**** Given material

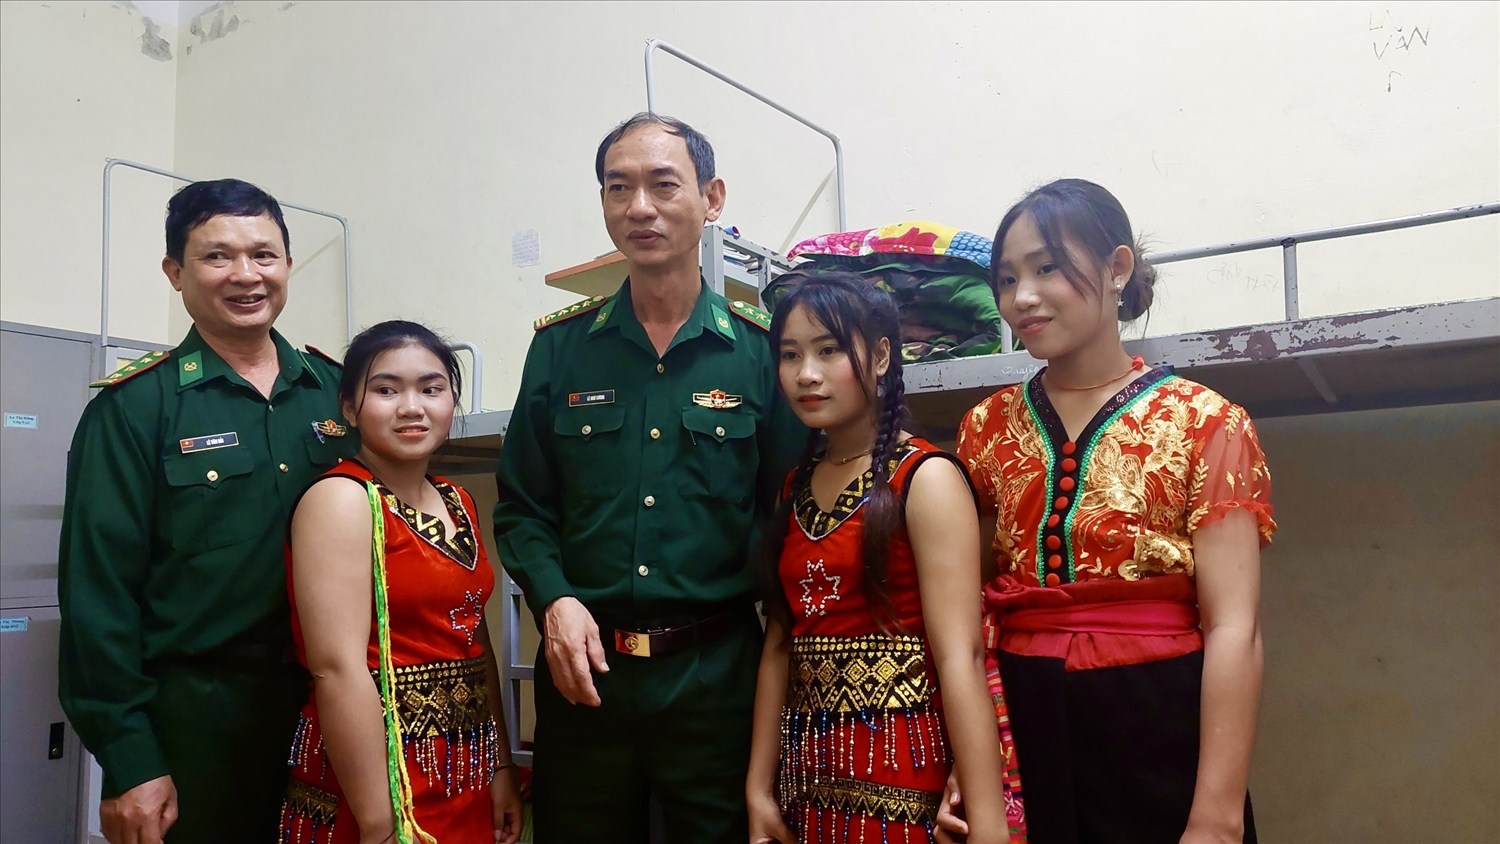 Đại tá Lê Như Cương, Bí thư Đảng uỷ, Chính uỷ BĐBP Nghệ An thăm, động viên các học sinh dân tộc Đan Lai sinh hoạt tại ký túc xá 
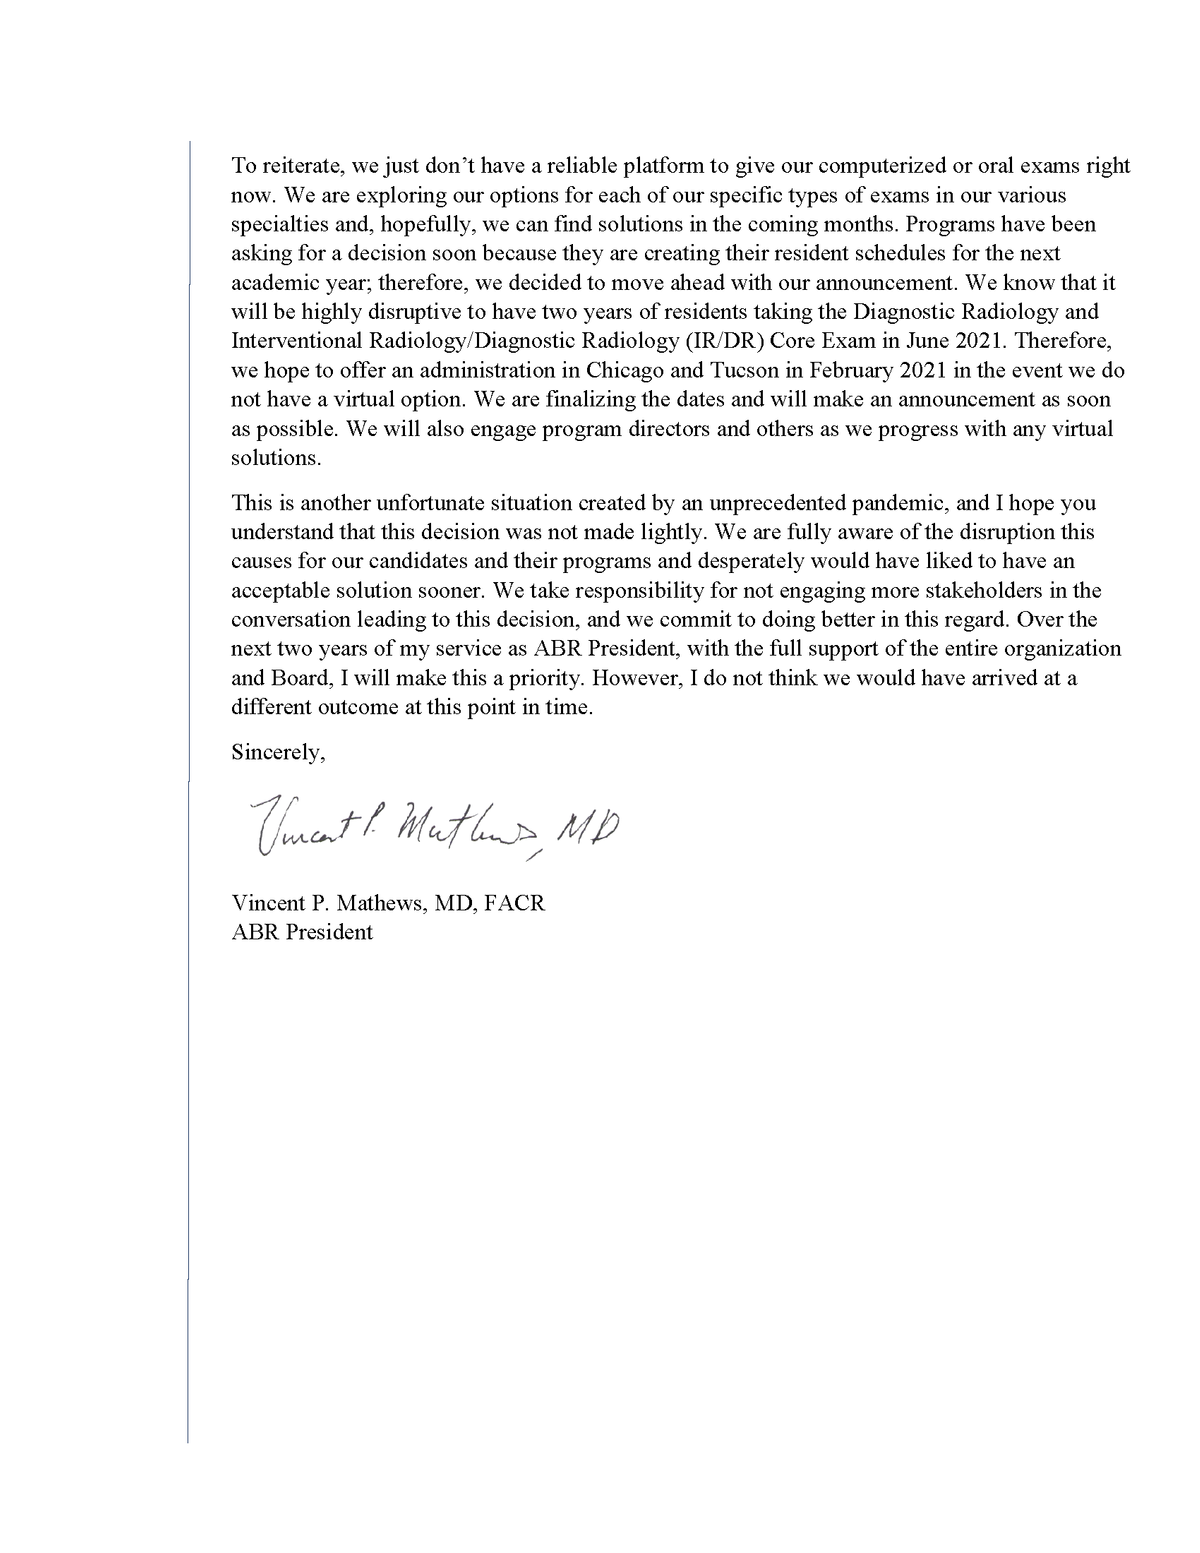 Dr. Mathews Letter page 2
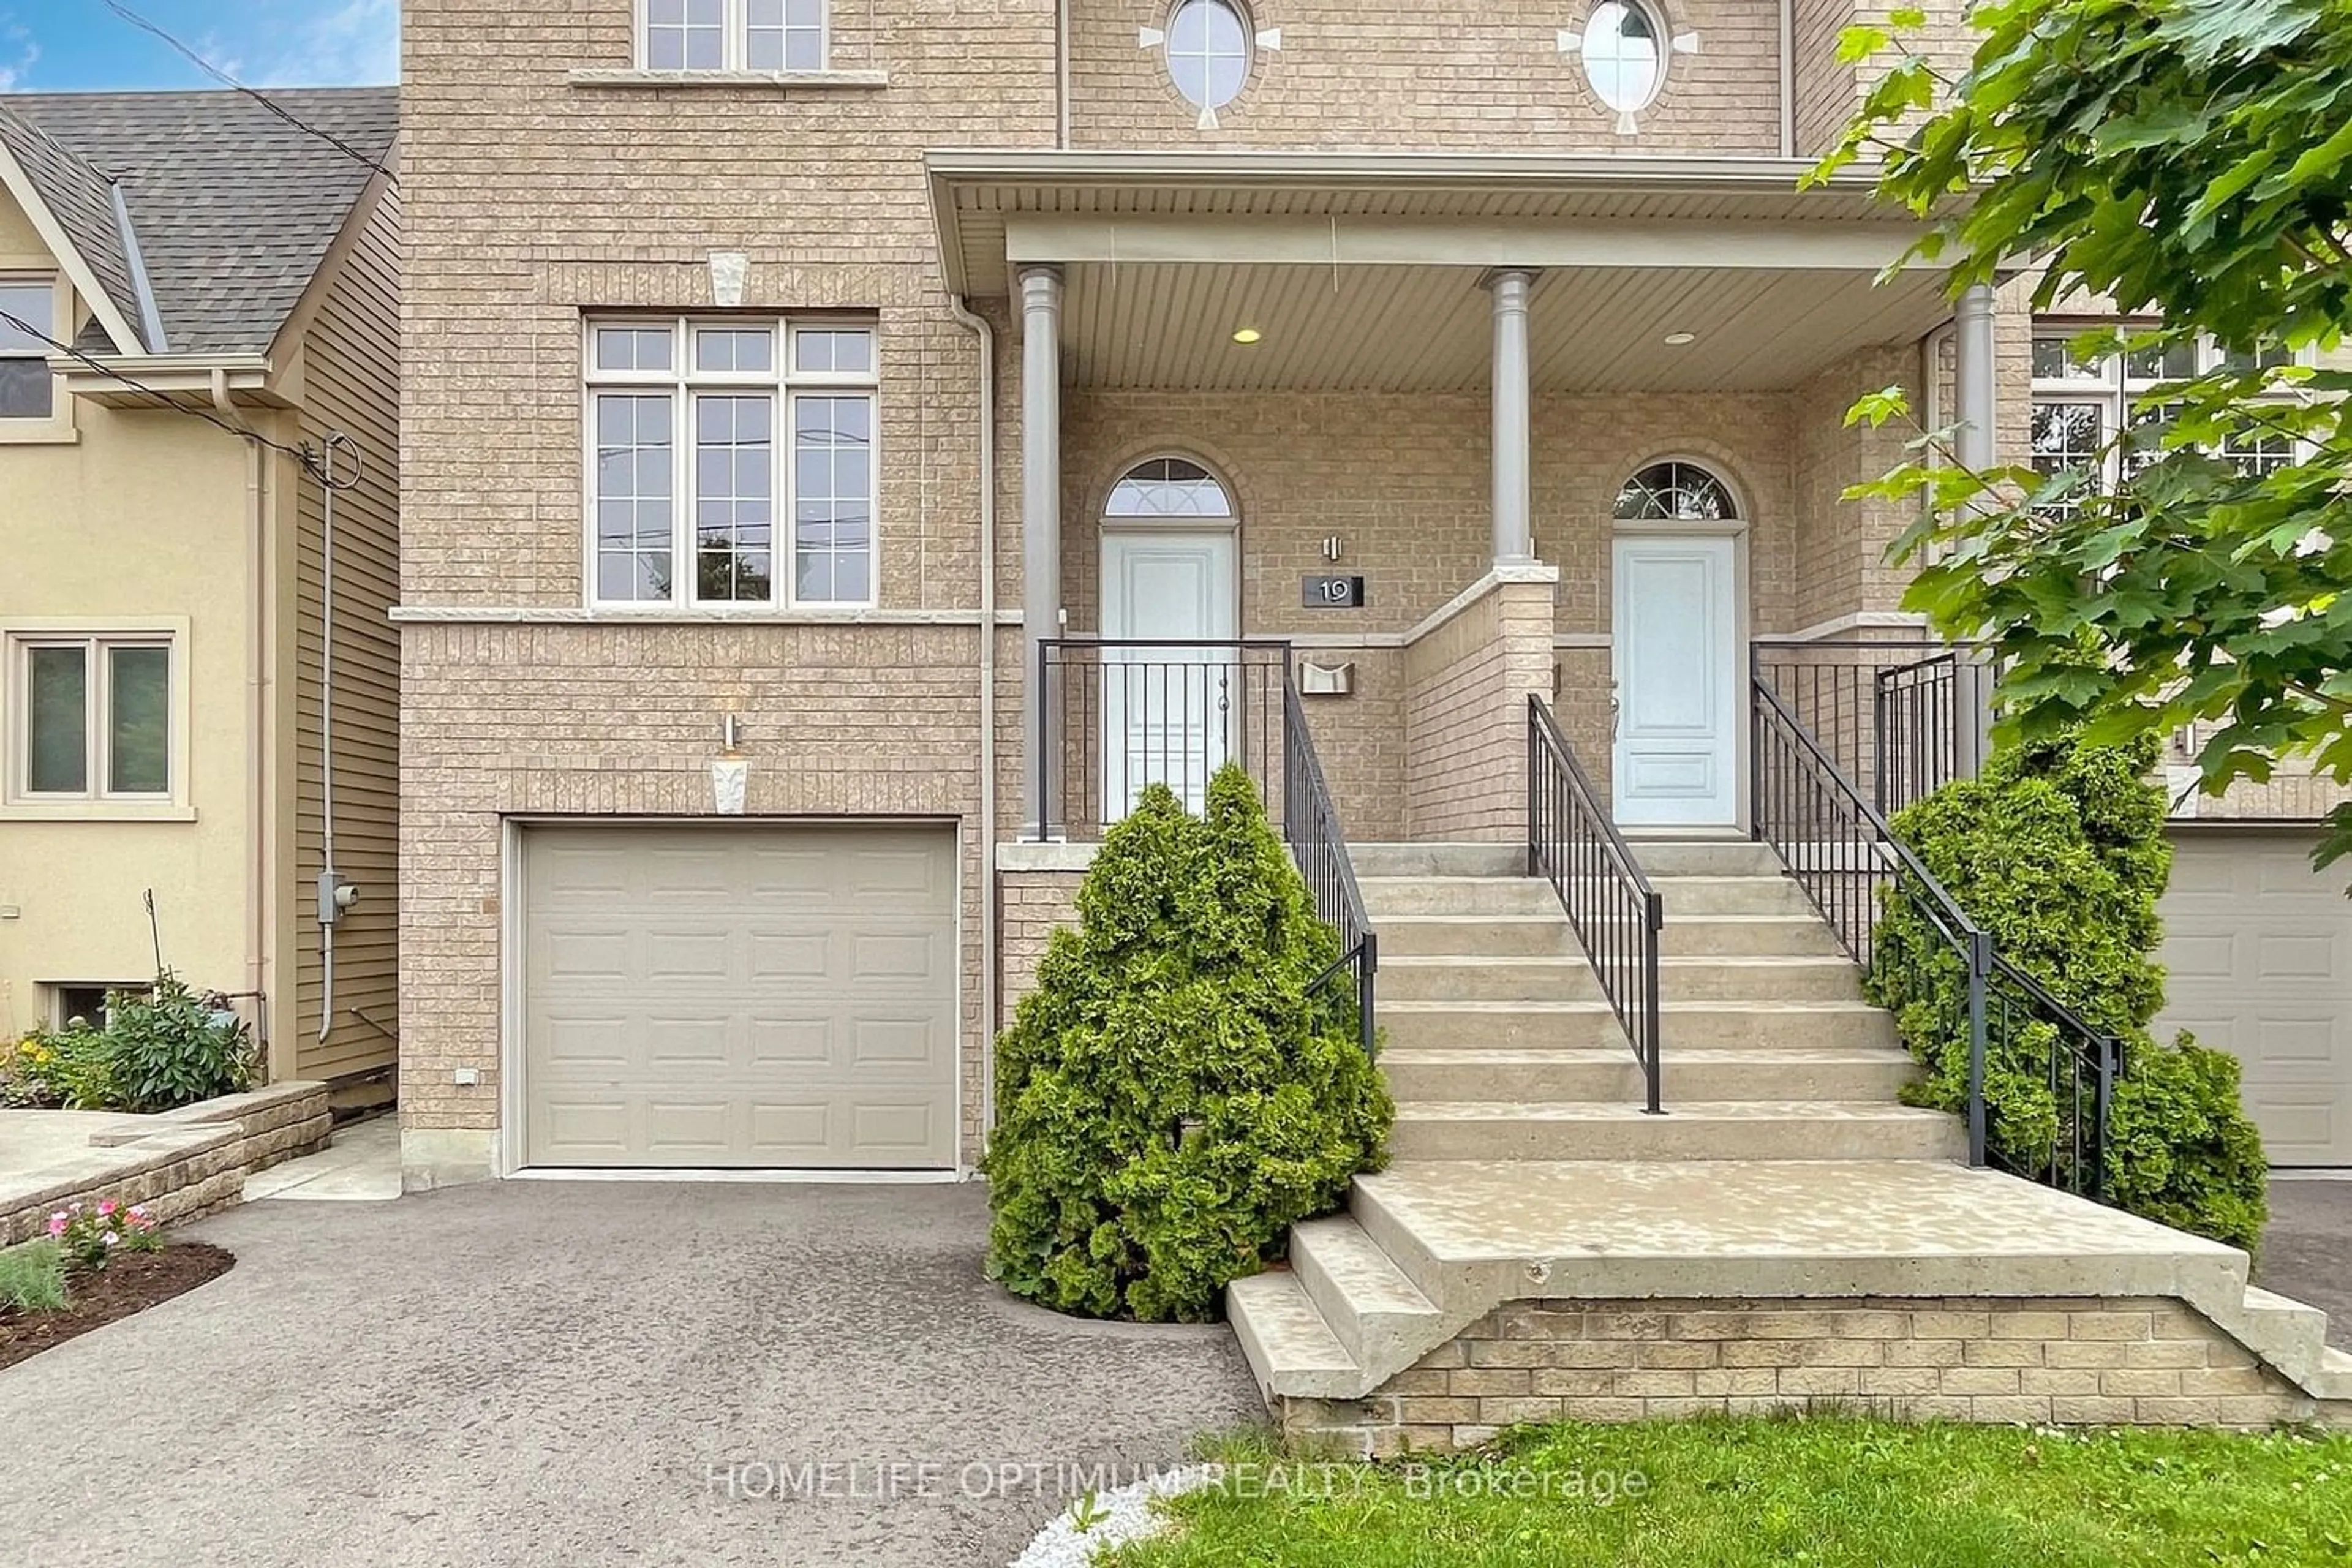 Home with brick exterior material for 19 Twenty Sixth St, Toronto Ontario M8V 3R4

********

◆ **Problem to solve**
Please copy out the whole listing exactly, minus its pictures.

◆ **Exercise result**
 Đại tá Lê Như Cương, Bí thư Đảng uỷ, Chính uỷ BĐBP Nghệ An thăm, động viên các học sinh dân tộc Đan Lai sinh hoạt tại ký túc xá 
 Dr. Mathews Letter page 2
 Home with brick exterior material for 19 Twenty Sixth St, Toronto Ontario M8V 3R4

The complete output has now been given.